To resolve the failure, delete alerting policies that monitor the results of the synthetic monitor, and then delete the synthetic monitor.

Unable to edit the configuration of a broken-link checker

You created a broken-link checker by using the Google Cloud console, and you want to change the HTML elements that are tested, or you want to modify the URI timeout, retries, wait for selector, and per-link options. However, when you edit the broken-link checker, the Google Cloud console doesn't display the configuration fields.

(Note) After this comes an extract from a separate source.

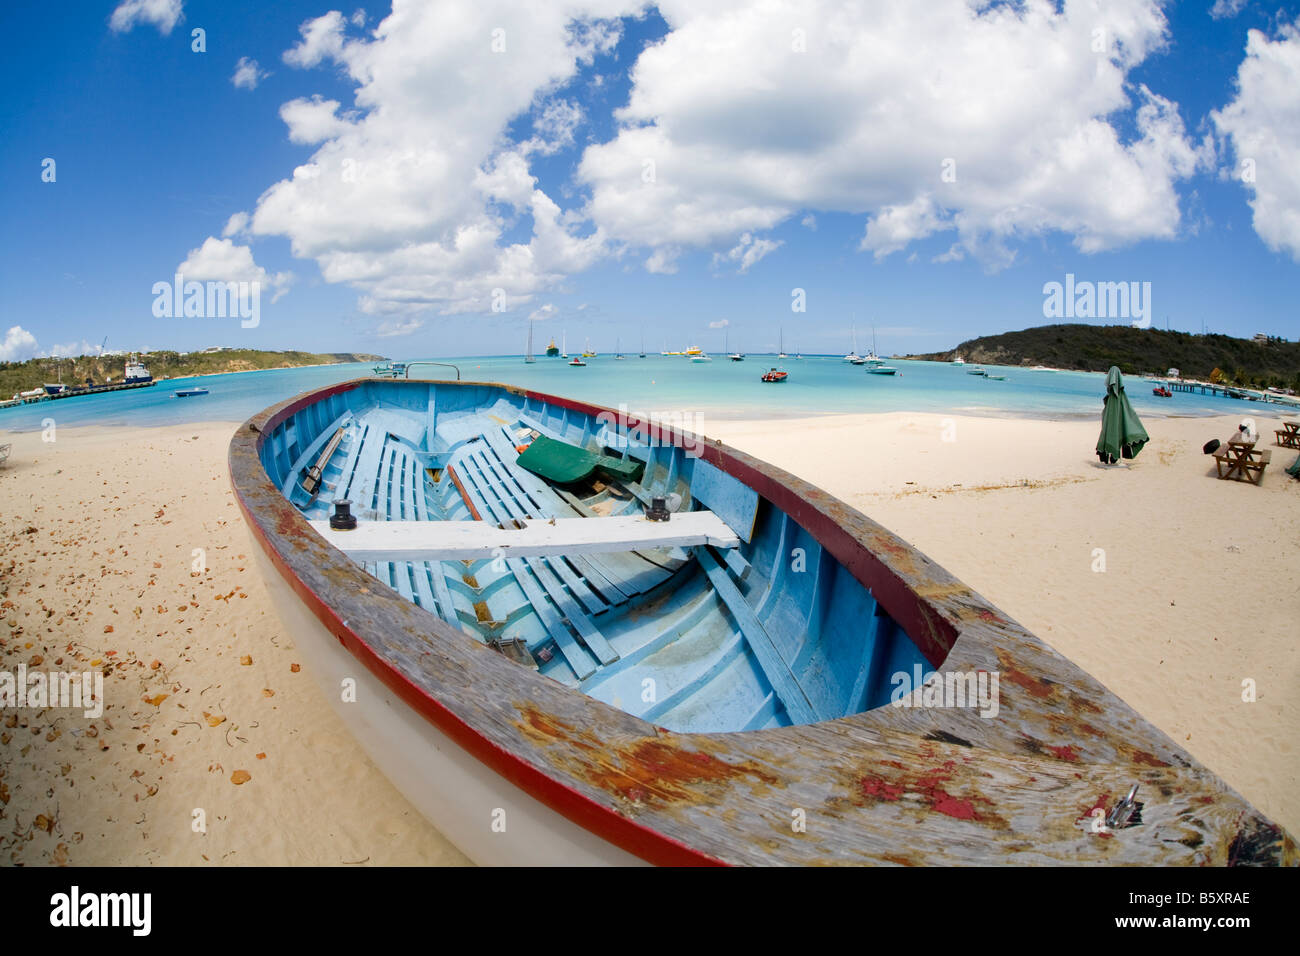 Road Bay harbor in the Sandy Ground area on the caribbean island of Anguilla in the British West Indies Stock Photo

To resolve this failure, do the following:

In the navigation panel of the Google Cloud console, select Monitoring, and then select Synthetic monitoring:
Go to Synthetic monitoring
Locate the synthetic monitor that you want to edit, click More options, and then select Edit.
Click Edit function.
Edit the options object in the index.js file, and then click Apply function.

For information about the fields and syntax for this object, see broken-links-ok/index.js.
Click Save.

Google Cloud console displays that saves of screenshots fail

You created a broken-link checker and configured it to save screenshots. However, the Google Cloud console is displaying one of the following warning messages along with more detailed information:

InvalidStorageLocation
StorageValidationError
BucketCreationError
ScreenshotFileUploadError

To resolve these failures, try the following:

If you see the InvalidStorageLocation message, then verify the existence of the Cloud Storage bucket specified in the field named options.screenshot_options.storage_location.
View the logs related to your Cloud Function. For more information, see Finding logs.
Verify that the service account being used in the corresponding Cloud Function has an Identity and Access Management role that lets it create, access, and write to Cloud Storage buckets.